The lesion may be tan, brown, black, white, or slate; and may have scattered black nodules on the surface. Eventually, it may become ulcerated.

Cancer care

What tests tell you
• A skin biopsy with histologic examination distinguishes malignant melanoma from a benign nevus, seborrheic keratosis, or pigmented basal cell epithelioma. It also determines tumor thickness.
• Chest X-ray aids staging.
• Blood studies may show anemia and an elevated erythrocyte sedimentation rate. With metastasis, these tests may also reveal an abnormal platelet count and abnormal liver function studies.

How it’s treated
Wide surgical resection is imperative in treating malignant melanoma. The extent of resection depends on the size and location of the primary lesion. Surgery may include regional lymphadenectomy.

Chemotherapy and biotherapy
Deep primary lesions may merit adjuvant chemotherapy with dacarbazine and nitrosureas carmustine (BCNU) and cisplatin ( Platinol).
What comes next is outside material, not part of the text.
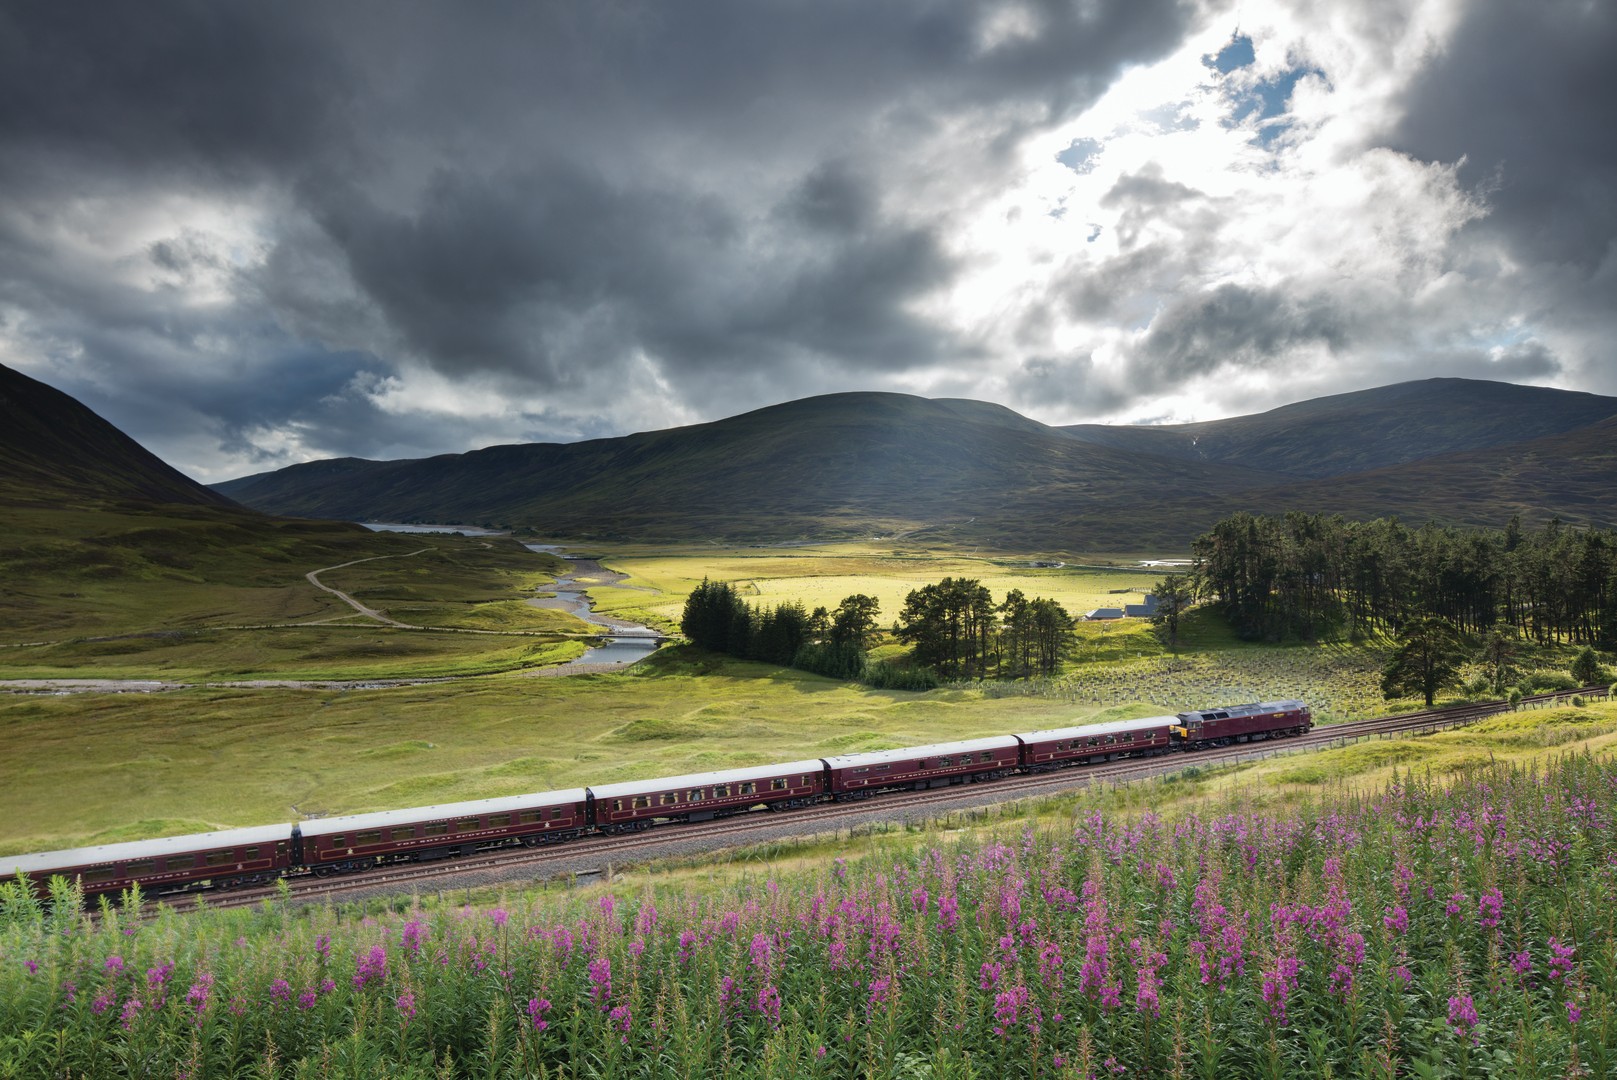 Travel back in time through the Scottish Highlands

Biotherapy with interferons, interleukin-2, tumor necrosis factor, and vaccine therapy is being studied.

Radiation therapy
Radiation therapy is usually reserved for metastatic disease. It doesn’t prolong survival but may reduce tumor size and relieve pain. Prognosis depends on tumor thickness.

What to do
• After surgery, take steps to prevent infection. Check the wound often for excessive drainage, foul odor, redness, and swelling. If surgery involved lymphadenectomy, minimize lymphedema by applying a compression stocking and instruct the patient to keep the extremity elevated.
• During chemotherapy, know which adverse reactions to expect and do what you can to minimize these. For instance, give an antiemetic as ordered to reduce nausea and vomiting.
• For advanced metastatic disease, control and prevent pain by giving an analgesic around the clock. Don’t wait until pain begins to initiate pain relief.
• Provide psychological support to help the patient cope with anxiety. Encourage him to express his fears. Answer his questions honestly without destroying hope.
• Evaluate the patient. He should recover uneventfully from surgery. He should also understand risk factors for melanoma and the importance of getting careful treatment follow-up, preventing sun exposure, and performing monthly skin self-examinations.